We've just been and put the recommended 15ltrs in each cylinder for the first fill, it cost just over £20 for 30 litres. 
What a saving as we were paying £26 for a 13kg propane cylinder once a week, which I think holds approx 22ltrs.  Although some feel lighter than others. You just have to take there word for it that they're full when you buy them. 
Even on the freezing nights we got last winter we would normally get 6 to 7 days/nights out of one cylinder. But just now and again we would get a much lighter feeling cylinder and would get between 3 and 5 nights out of it. Which is so annoying as you can't really take it back and say that it's not full. 

At least now not only can we see how much gas we have in these new Safefill cylinders and just top up as and when needed. Which means we wont be returning cylinders back with a little bit of gas in them again. As sometimes we have changed the gas over before we go to bed knowing that it wouldn't see the night through, as you'll know there is nothing worse than getting up first thing on a frosty morning and the first job is to go outside to change the gas over.  For me it was to lift the empty out of the gas locker and then lift the new one out of the garage to swap them over. So that's the other bonus, as these 10kgs Safefill fit snuggly in our gas locker, but the 13kgs wouldn't.

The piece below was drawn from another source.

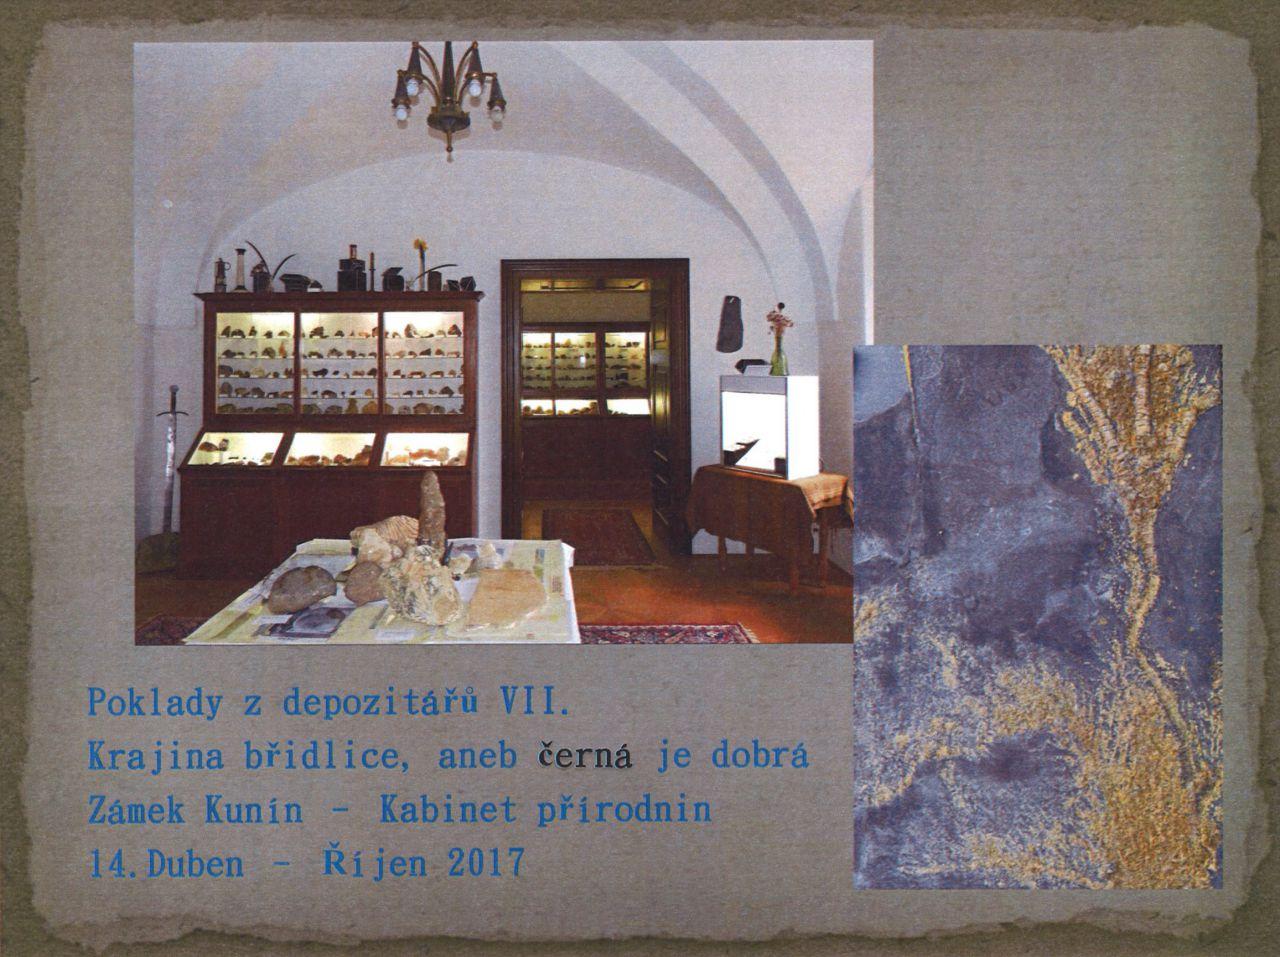 Poklady z depozitářů VII.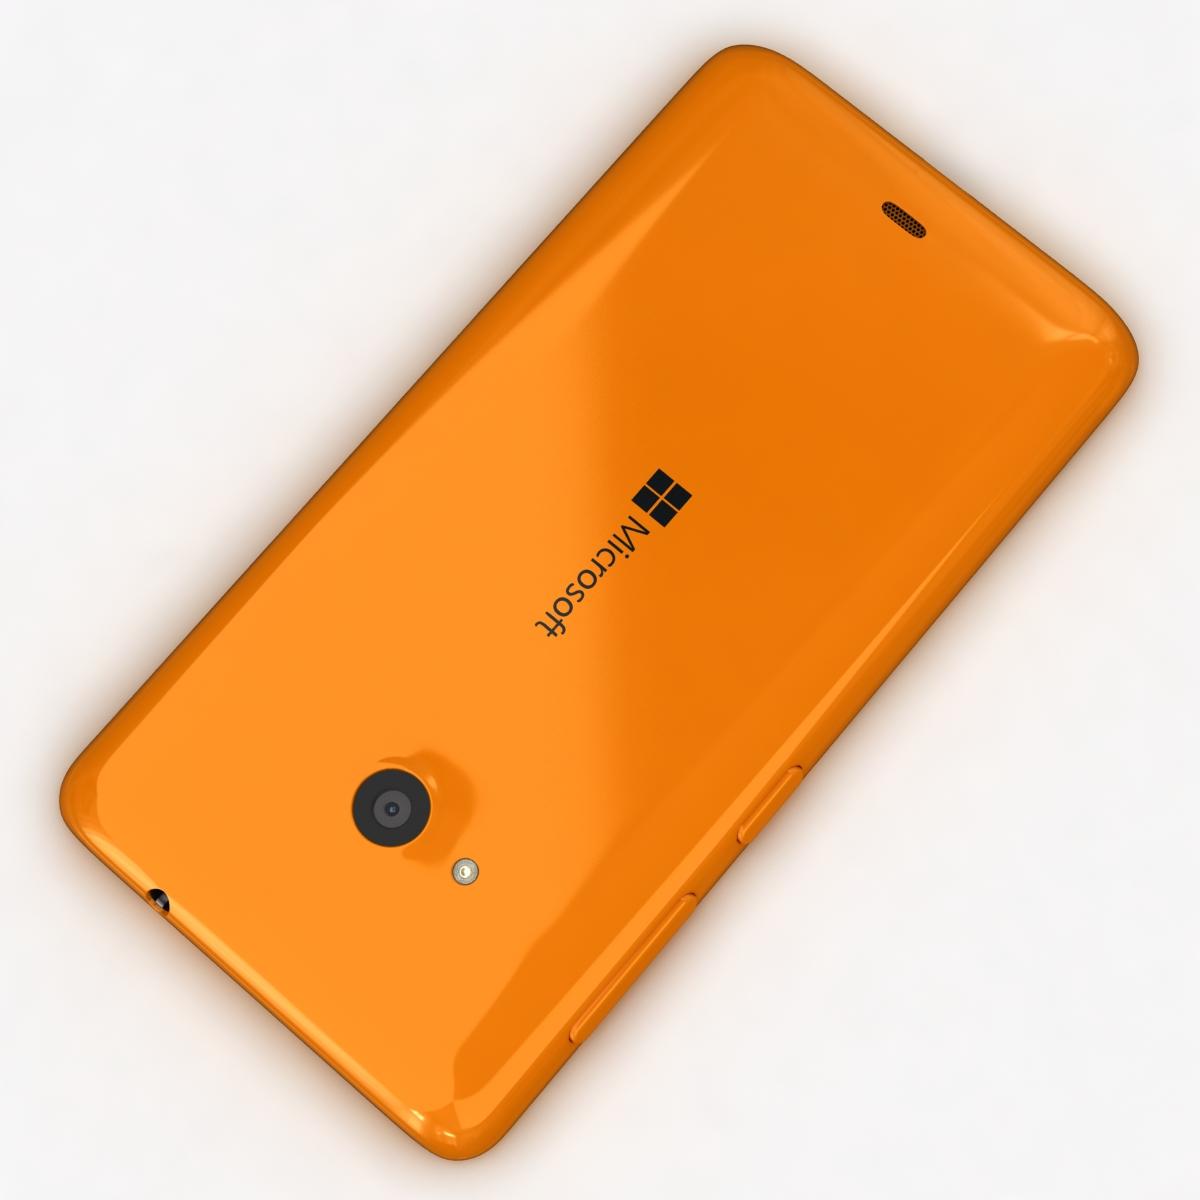 microsoft lumia 535 and dual sim orange 3d model 3ds max fbx c4d obj 204112

So It's a win win hopefully..

How many others use Safefill and how many are thinking of changing to them.


----------



## molly 2 (Nov 10, 2018)

yorkshireCPLE said:


> We are so lucky. Our oldest son and girlfriend and our youngest son have just clubbed together and bought us 2 Safefill 10kg cylinders..
> They must be very popular as everywhere had sold out and had waiting lists but couldn't tell us the timescale to get them. So we ended up getting two from Amazon which have come from Germany. Same price and they came with loads of fittings for different filling stations..
> We've registered them via the safefill site and all good so far...
> 
> ...


    I would say most Wilders have refilable , I have gassist underslung tank .not big about 20 lts compared to 6klg callor the saving is huge it's so much more convenient to keep topped up not messing with refils. Only down side is the gauges are crap.


----------



## CarlandHels (Nov 10, 2018)

molly 2 said:


> I would say most Wilders have refilable , I have gassist underslung tank .not big about 20 lts compared to 6klg callor the saving is huge it's so much more convenient to keep topped up not messing with refils. Only down side is the gauges are crap.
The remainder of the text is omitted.